### Given records
=== Section Start ===
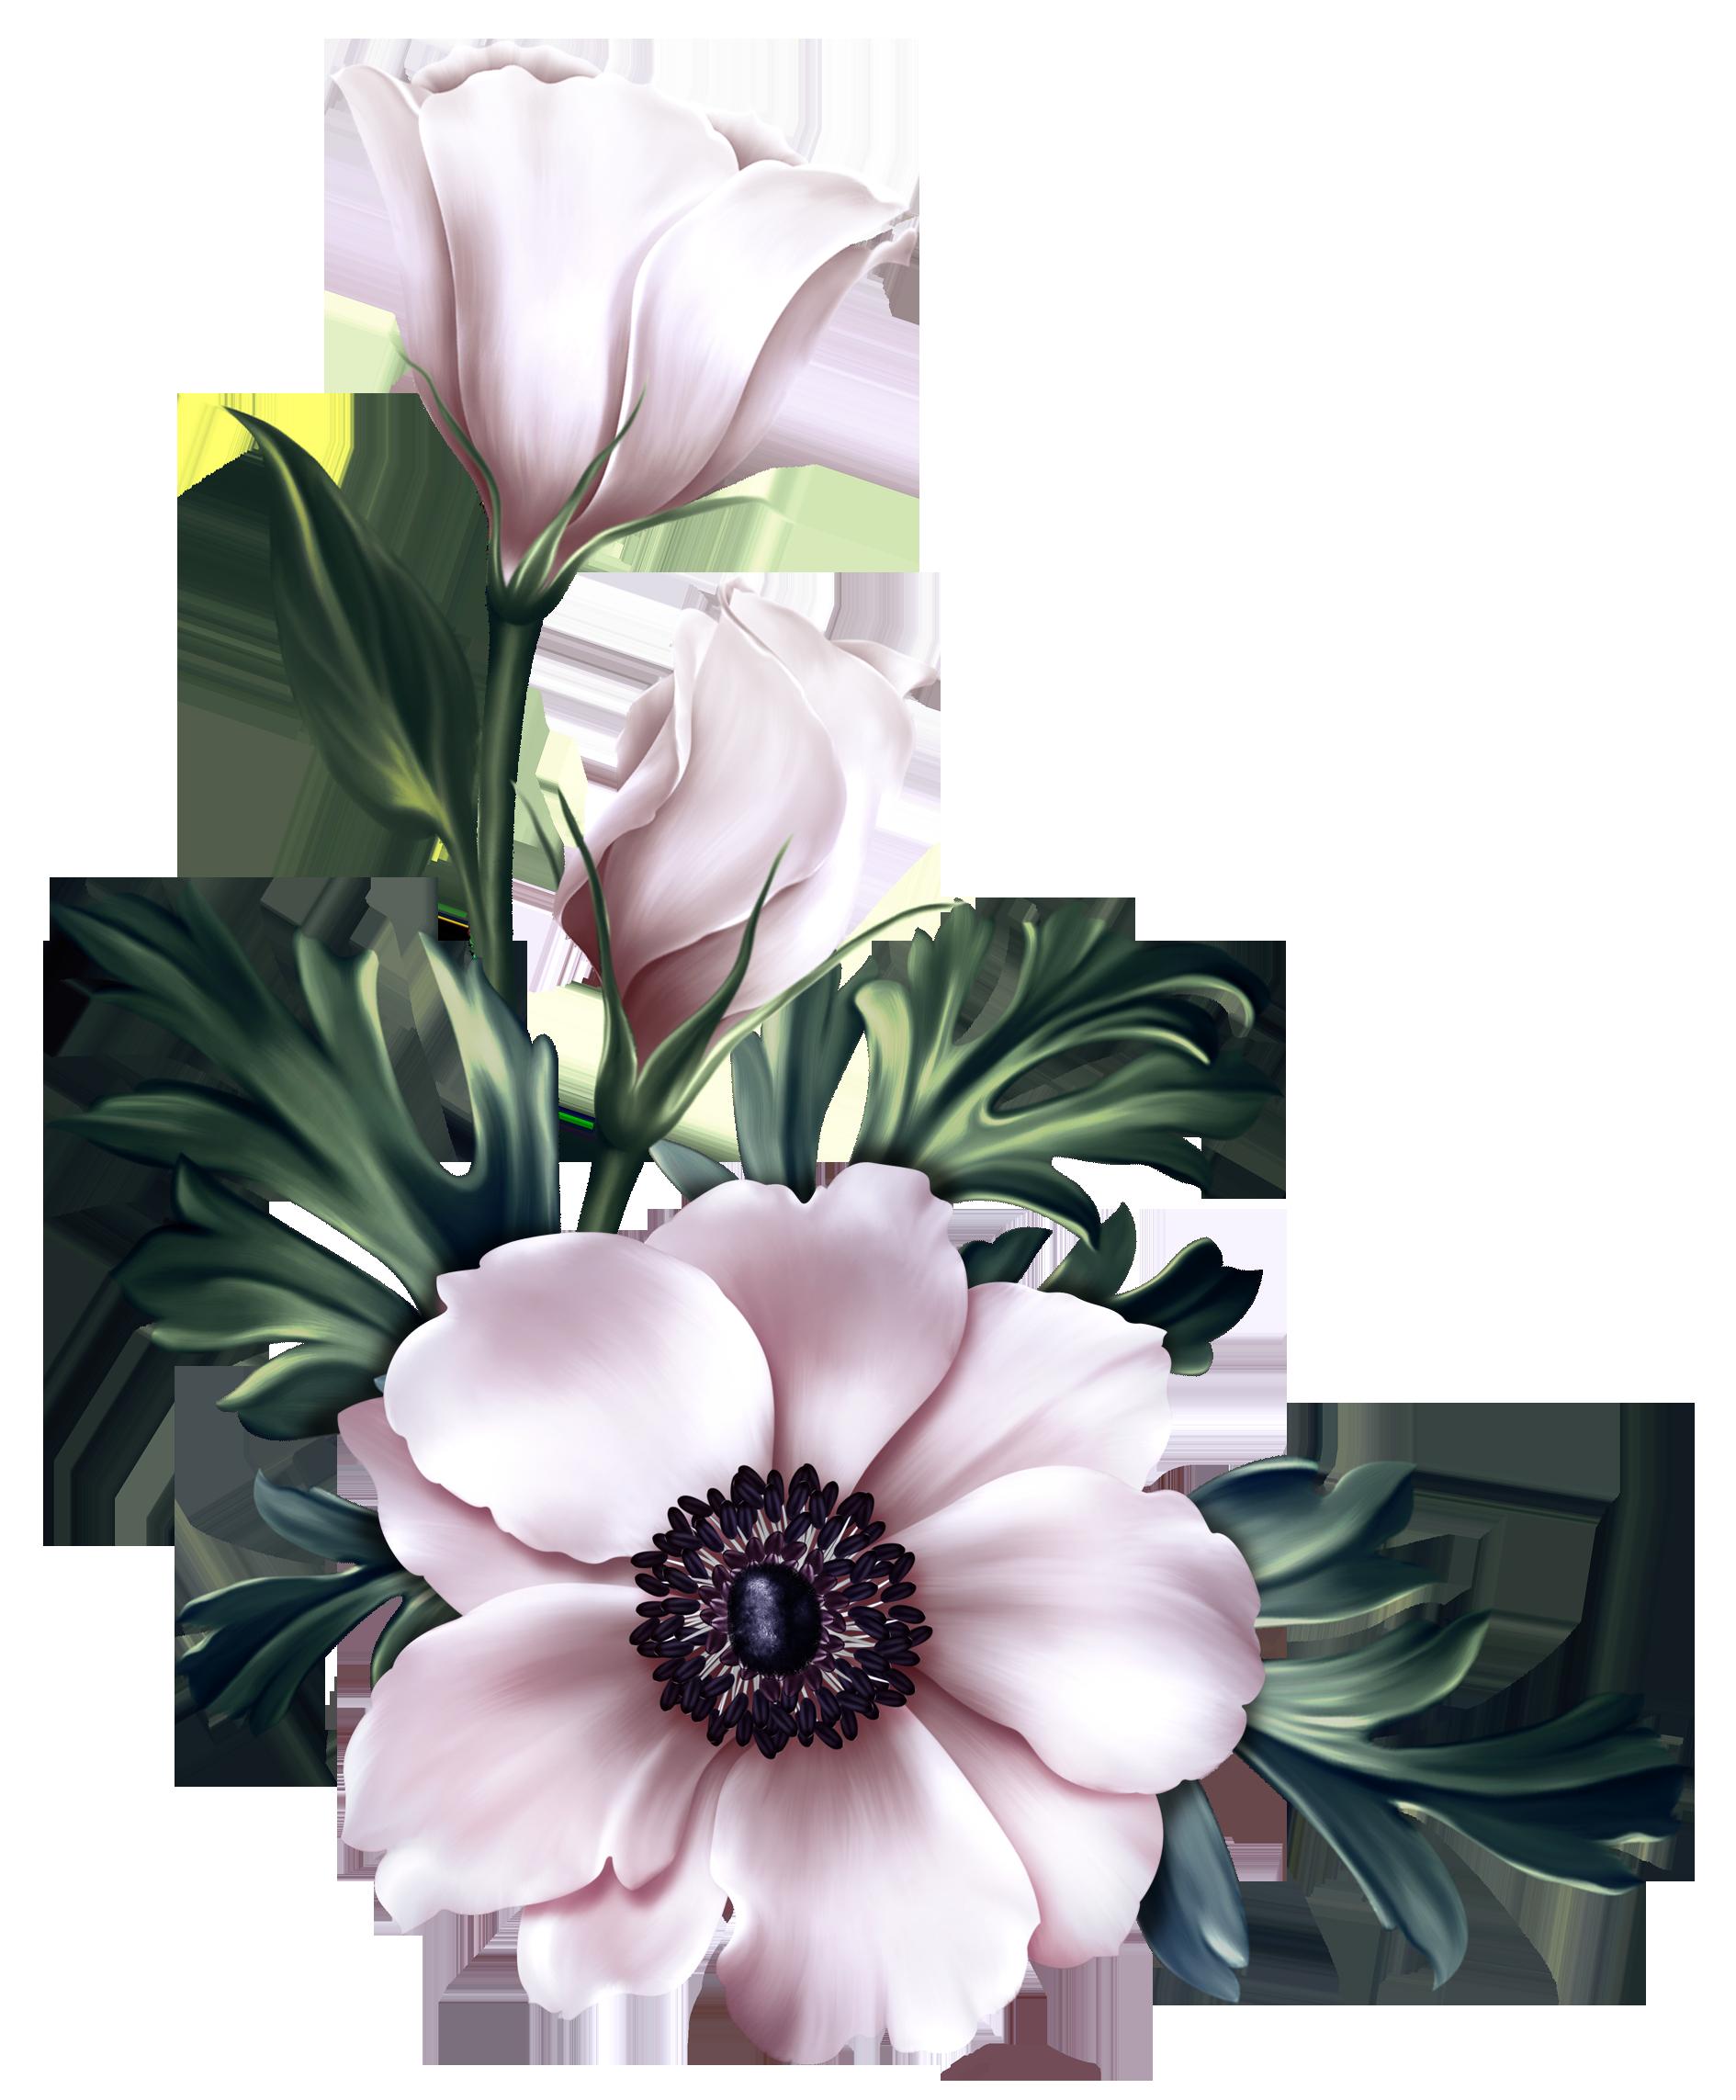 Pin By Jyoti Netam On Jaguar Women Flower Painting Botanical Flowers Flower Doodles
=== Section End ===
=== Section Start ===
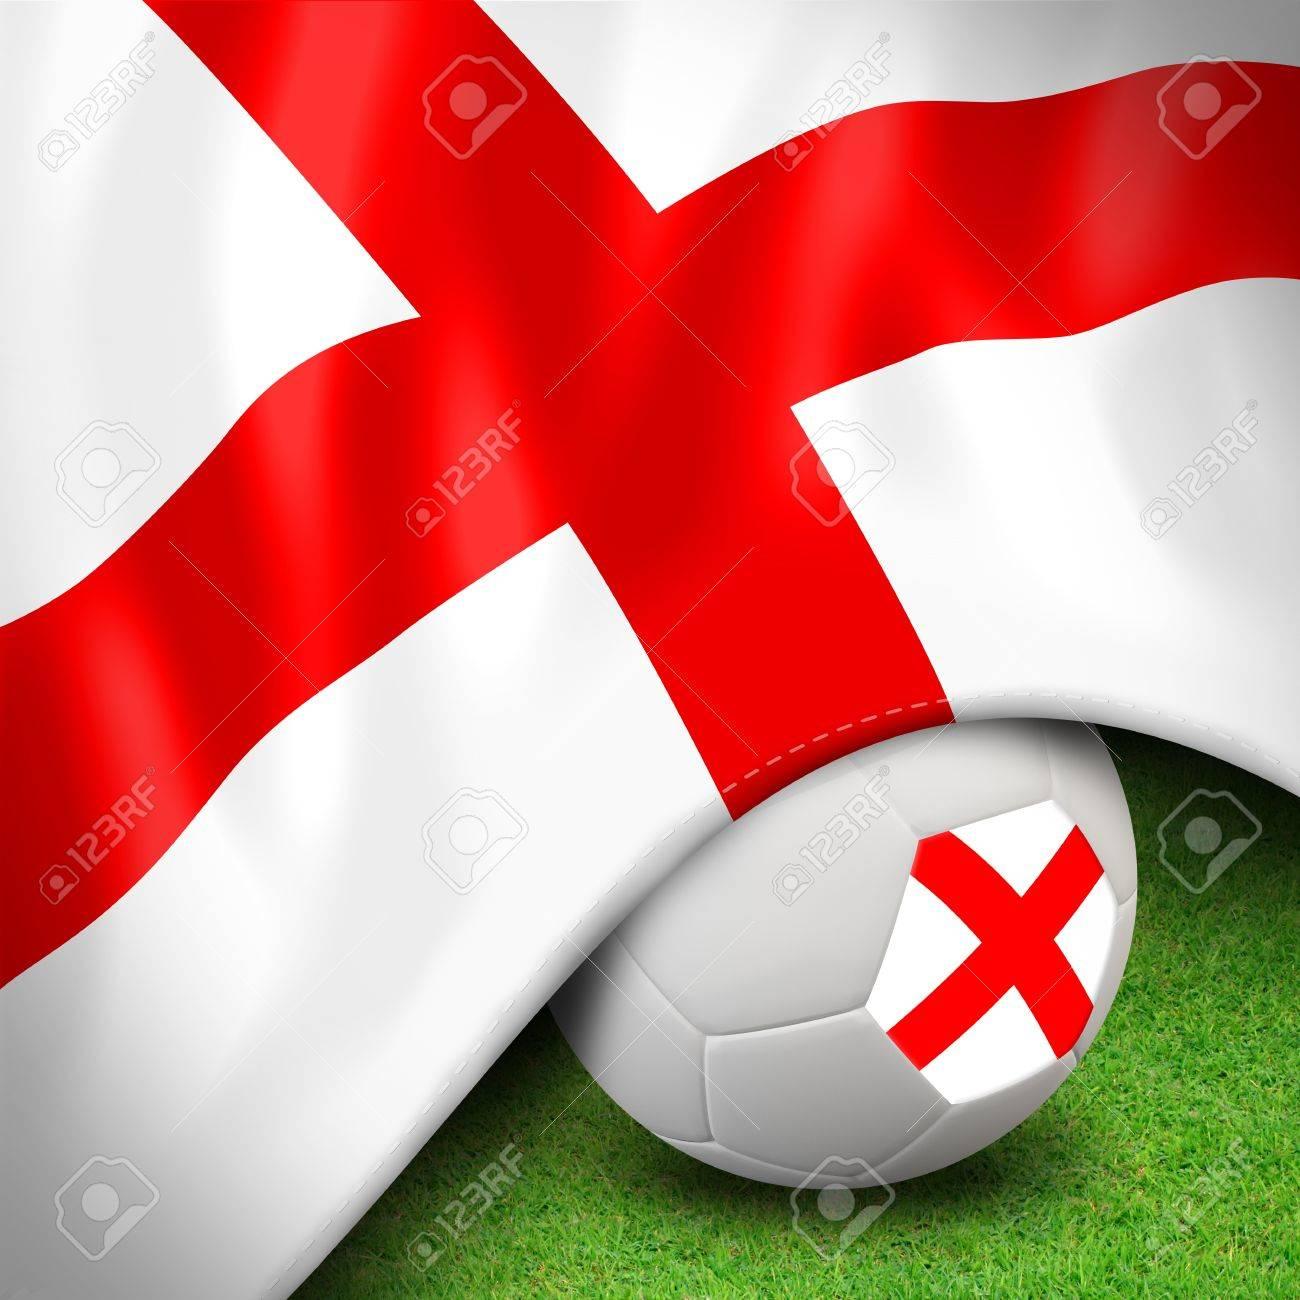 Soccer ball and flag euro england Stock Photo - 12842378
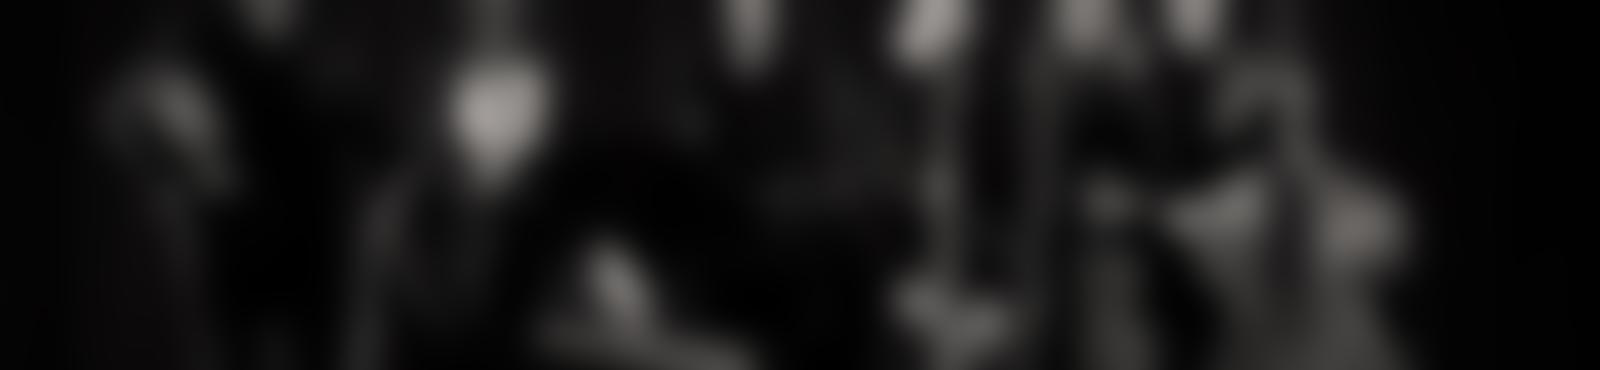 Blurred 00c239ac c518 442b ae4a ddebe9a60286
=== Section End ===
=== Section Start ===
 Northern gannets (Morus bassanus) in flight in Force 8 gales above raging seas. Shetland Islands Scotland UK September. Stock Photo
=== Section End ===
### Exercise
Above are the records. Copy word for word only their lines from the one holding "Soccer ball and" through the one holding "Blurred 00c239ac c518 442b ae4a ddebe9a60286", both included, and skip the images.

### Task output
 Soccer ball and flag euro england Stock Photo - 12842378
 Blurred 00c239ac c518 442b ae4a ddebe9a60286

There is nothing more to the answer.